Unnamed: 0,model,f1_train,f1_test,diff
0,GridSearchCV(estimator=Pipeline(steps=[('cvec'...,0.677607,0.60021,0.077397
1,GridSearchCV(estimator=Pipeline(steps=[('tvec'...,0.68373,0.619879,0.063851
2,GridSearchCV(estimator=Pipeline(steps=[('cvec'...,0.666589,0.60246,0.064128
3,GridSearchCV(estimator=Pipeline(steps=[('tvec'...,0.694355,0.631174,0.063181


All models are overfitting which need to tune hyperparameter. <br>
All models can't significant beat baseline score. <br>
From my assumption that because the documets have no pattern which who are agreeableness use the words different from who are not agreeableness.
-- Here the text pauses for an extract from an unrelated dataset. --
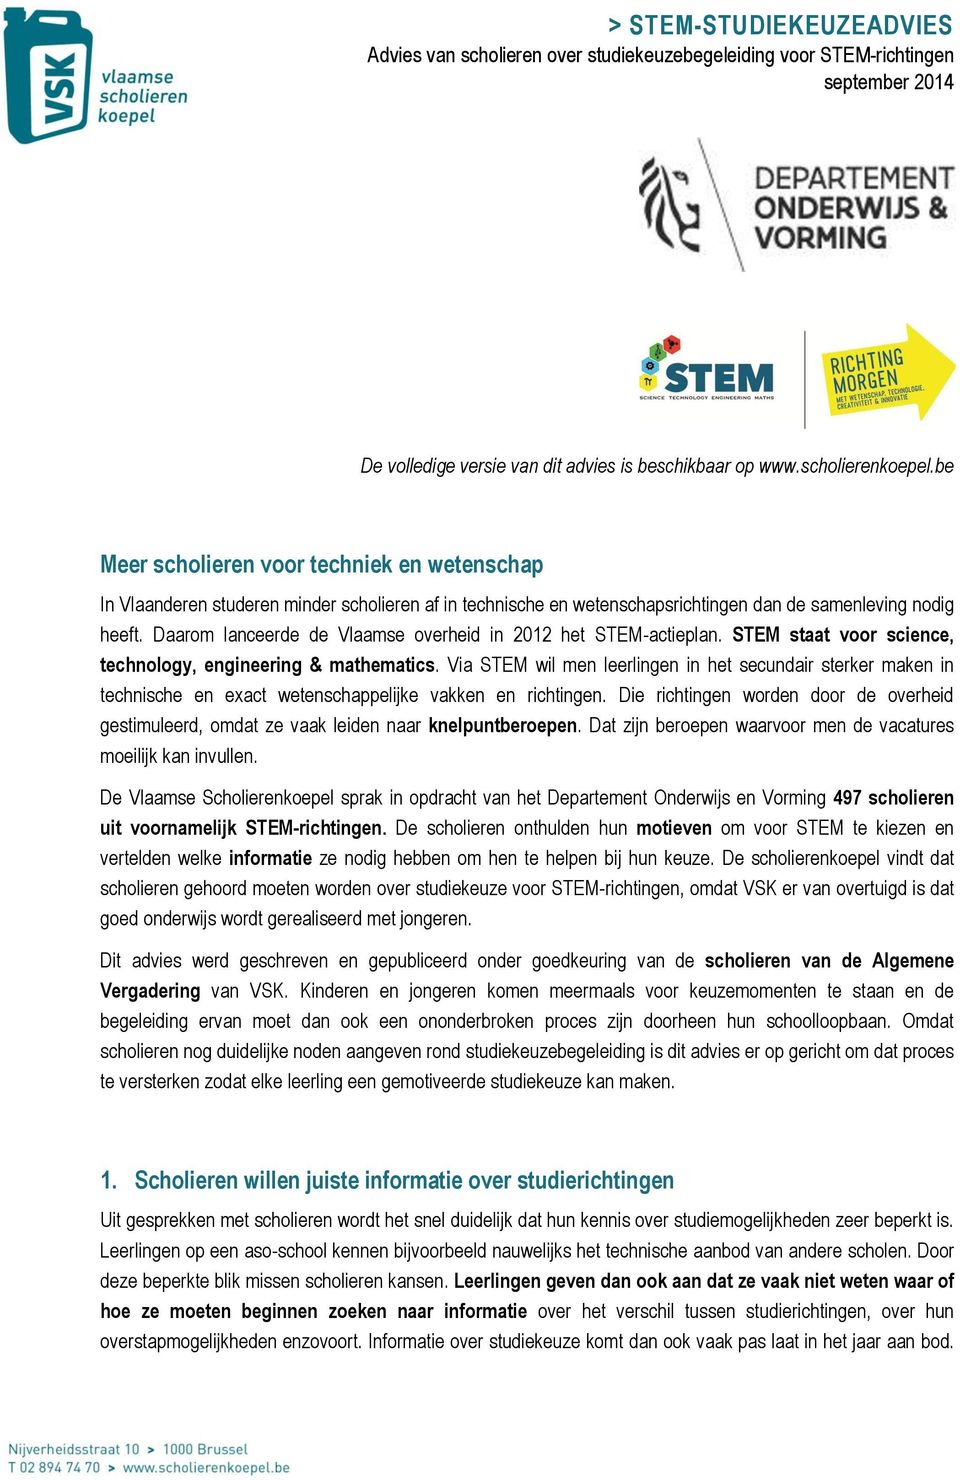 Daarom lanceerde de Vlaamse overheid in 2012 het STEM-actieplan. STEM staat voor science, technology, engineering & mathematics.

**16. Even though we didn't explore the full extent of Cambridge Analytica's modeling, based on what we did here, how effective was their approach at using Facebook data to model agreeableness?**

If use only words(Status) to predict who are agreeableness base on this data I think it not effective to predict who are agreaableness because the words have no pattern to detect who are agreeableness or not.